Collected data:
────────────────────

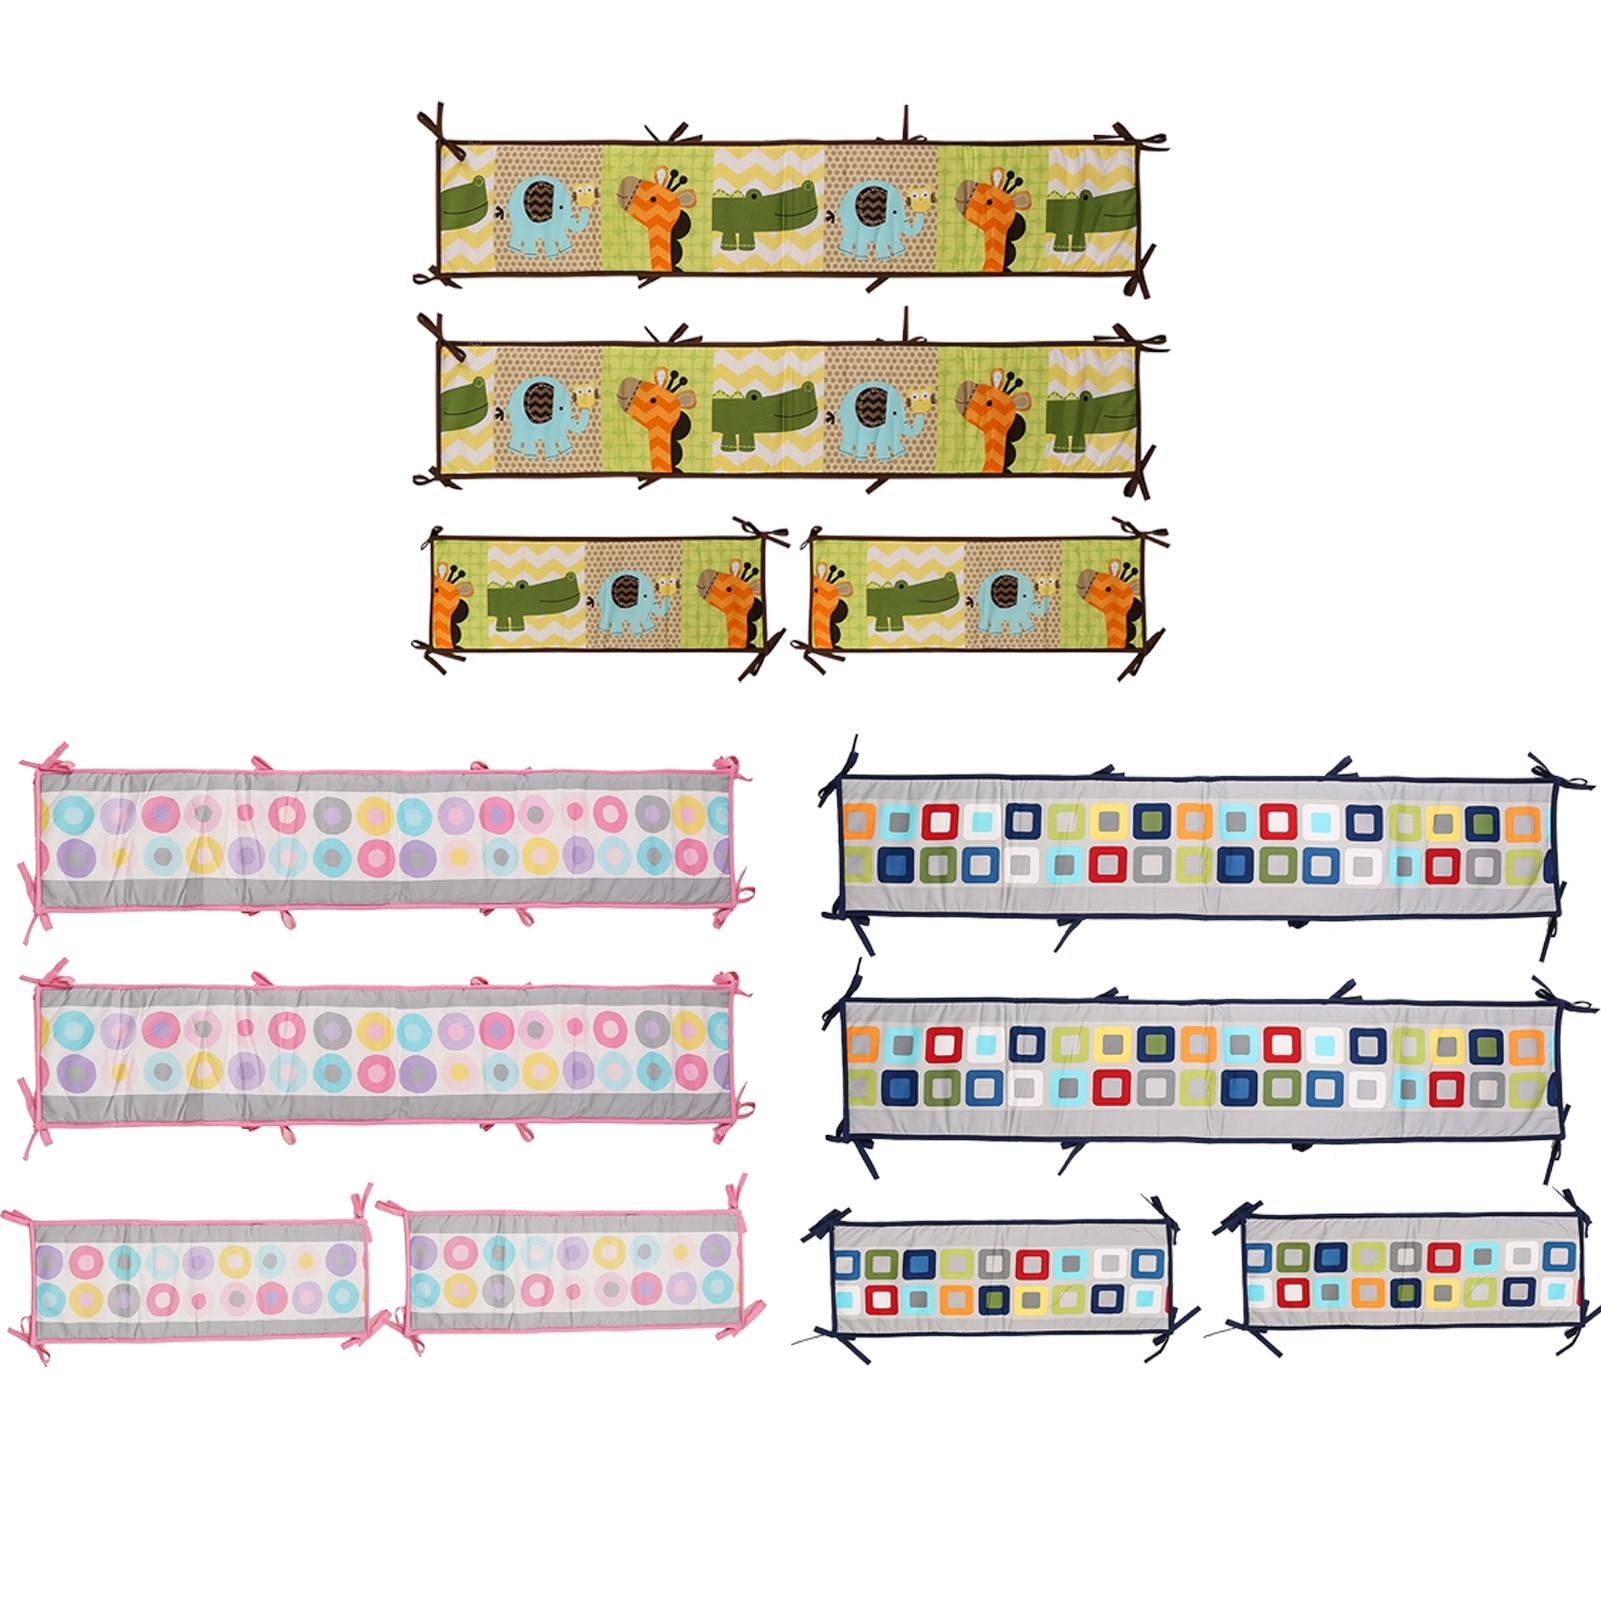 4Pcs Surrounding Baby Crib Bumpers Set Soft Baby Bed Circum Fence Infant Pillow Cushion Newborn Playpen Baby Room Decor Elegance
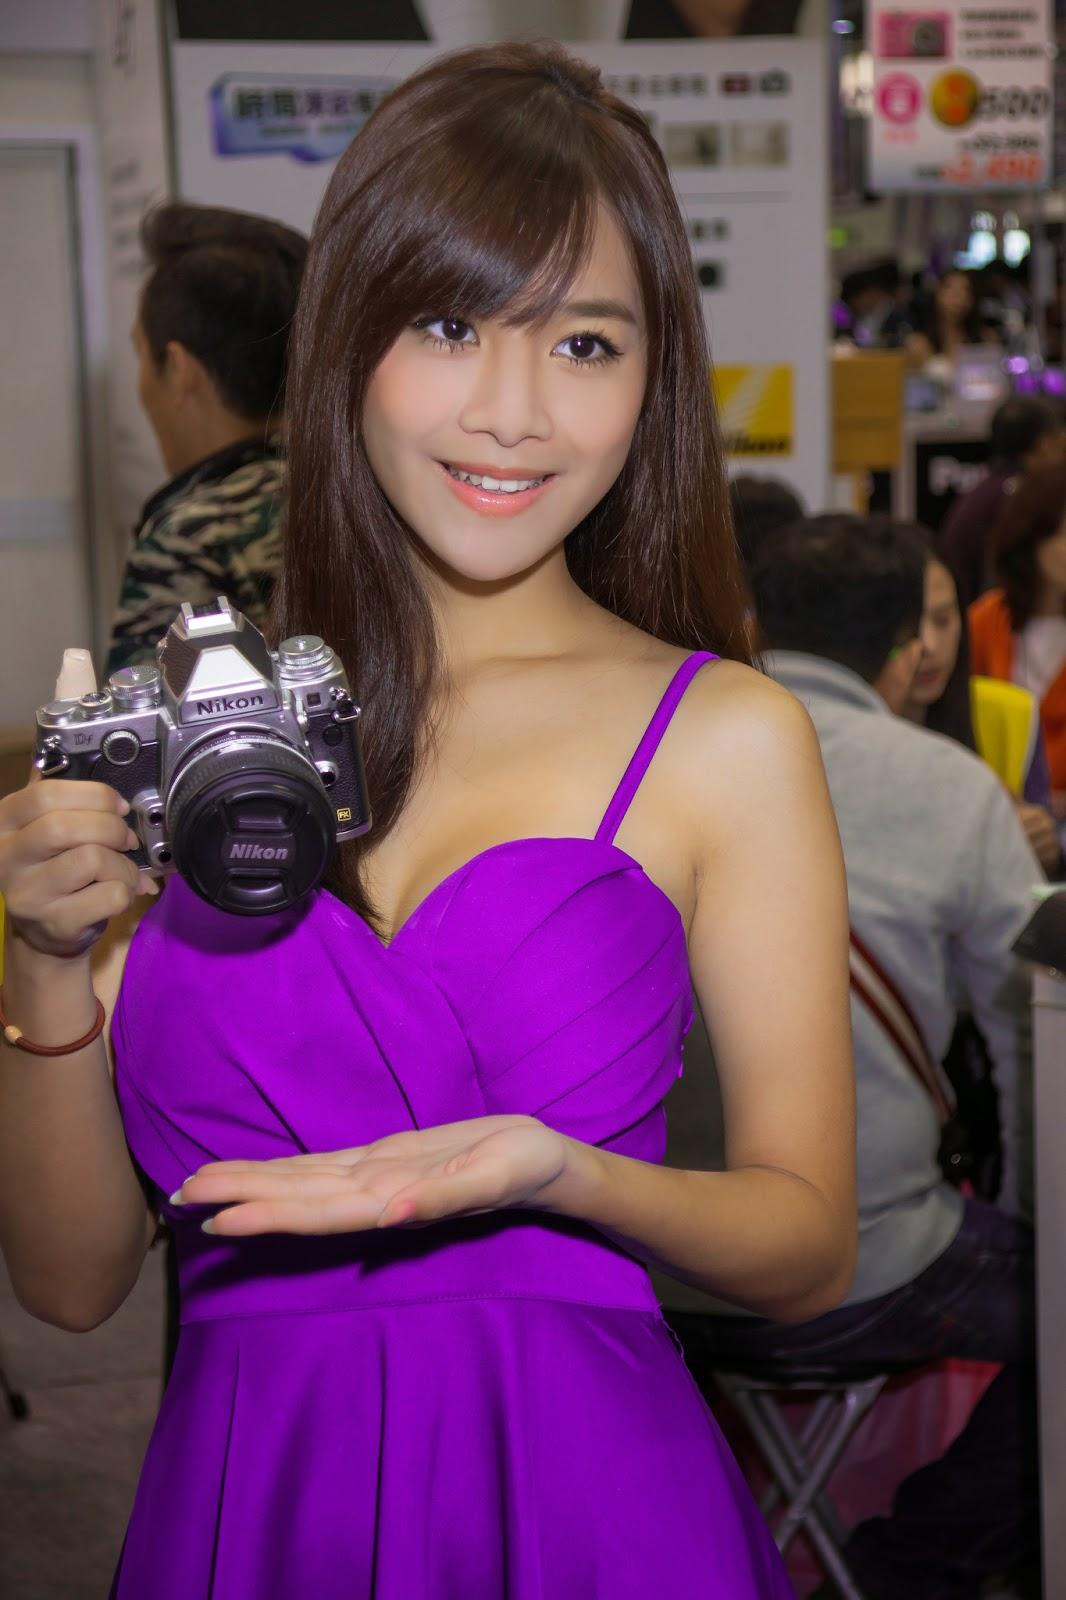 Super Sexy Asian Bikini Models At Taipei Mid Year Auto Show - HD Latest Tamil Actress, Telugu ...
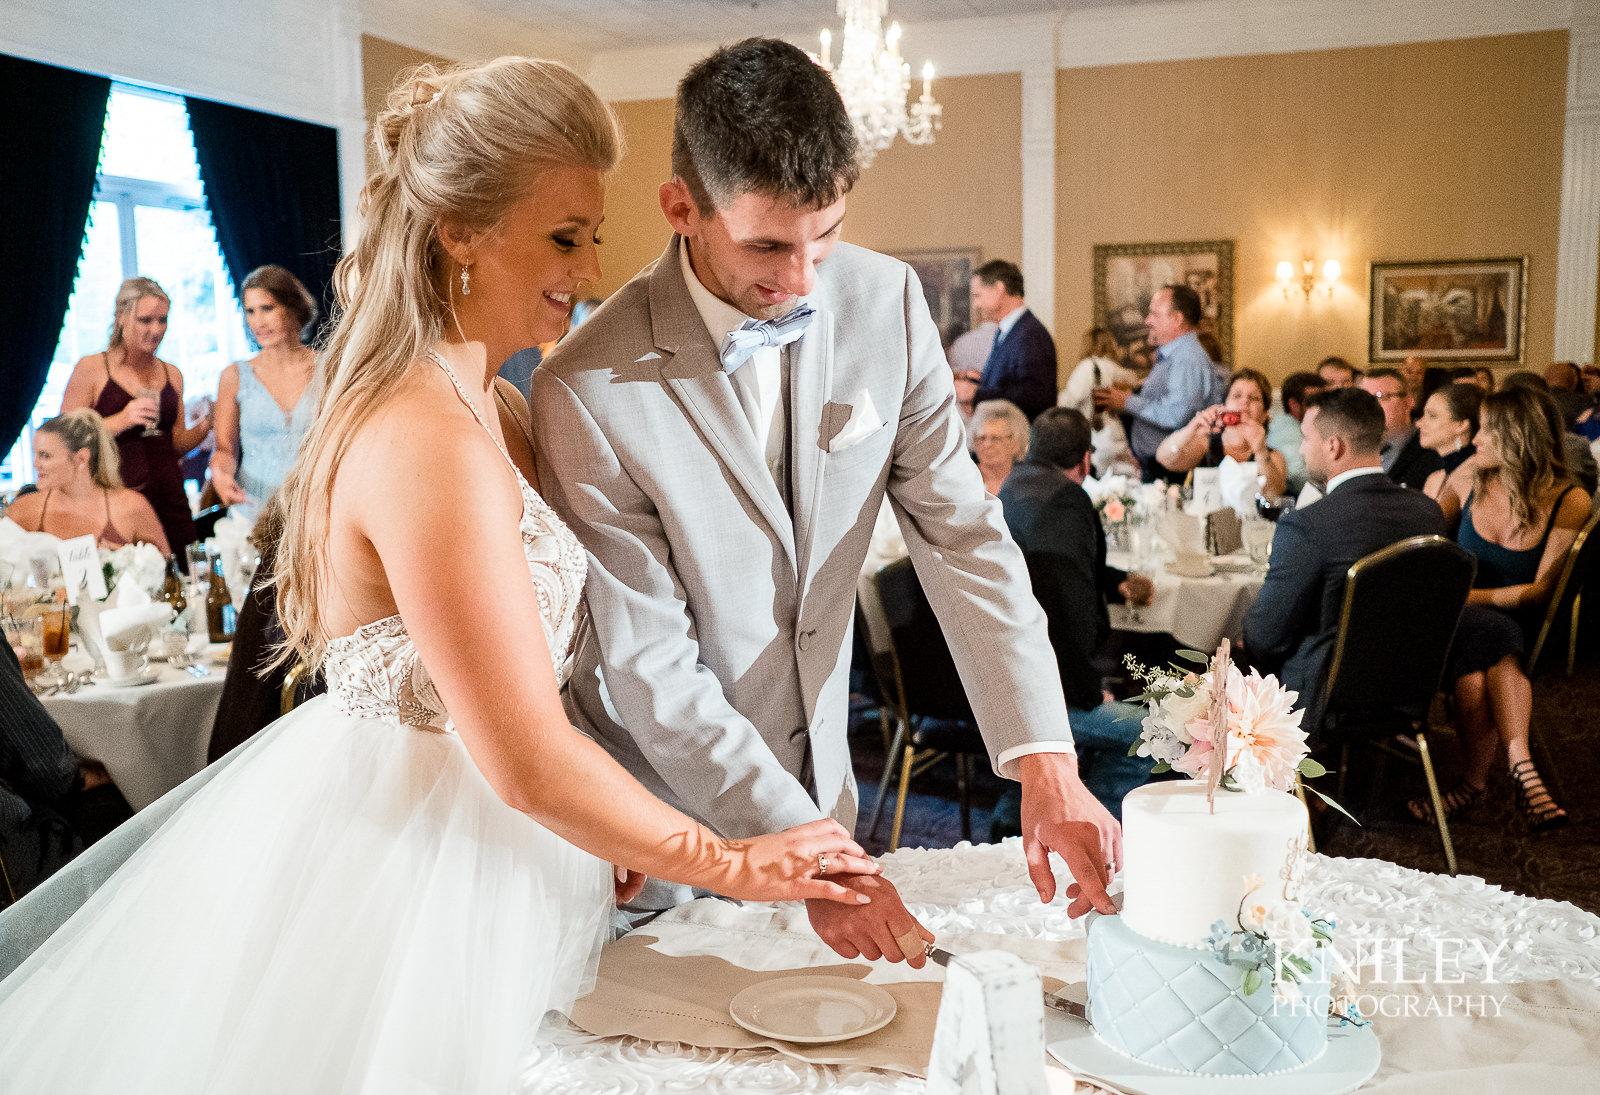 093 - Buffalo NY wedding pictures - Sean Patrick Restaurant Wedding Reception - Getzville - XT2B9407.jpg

────────────────────

Exercise aim: When copying the listing, skip the pictures and keep each line exactly as written.

Response:
 4Pcs Surrounding Baby Crib Bumpers Set Soft Baby Bed Circum Fence Infant Pillow Cushion Newborn Playpen Baby Room Decor Elegance
 Super Sexy Asian Bikini Models At Taipei Mid Year Auto Show - HD Latest Tamil Actress, Telugu ...
 093 - Buffalo NY wedding pictures - Sean Patrick Restaurant Wedding Reception - Getzville - XT2B9407.jpg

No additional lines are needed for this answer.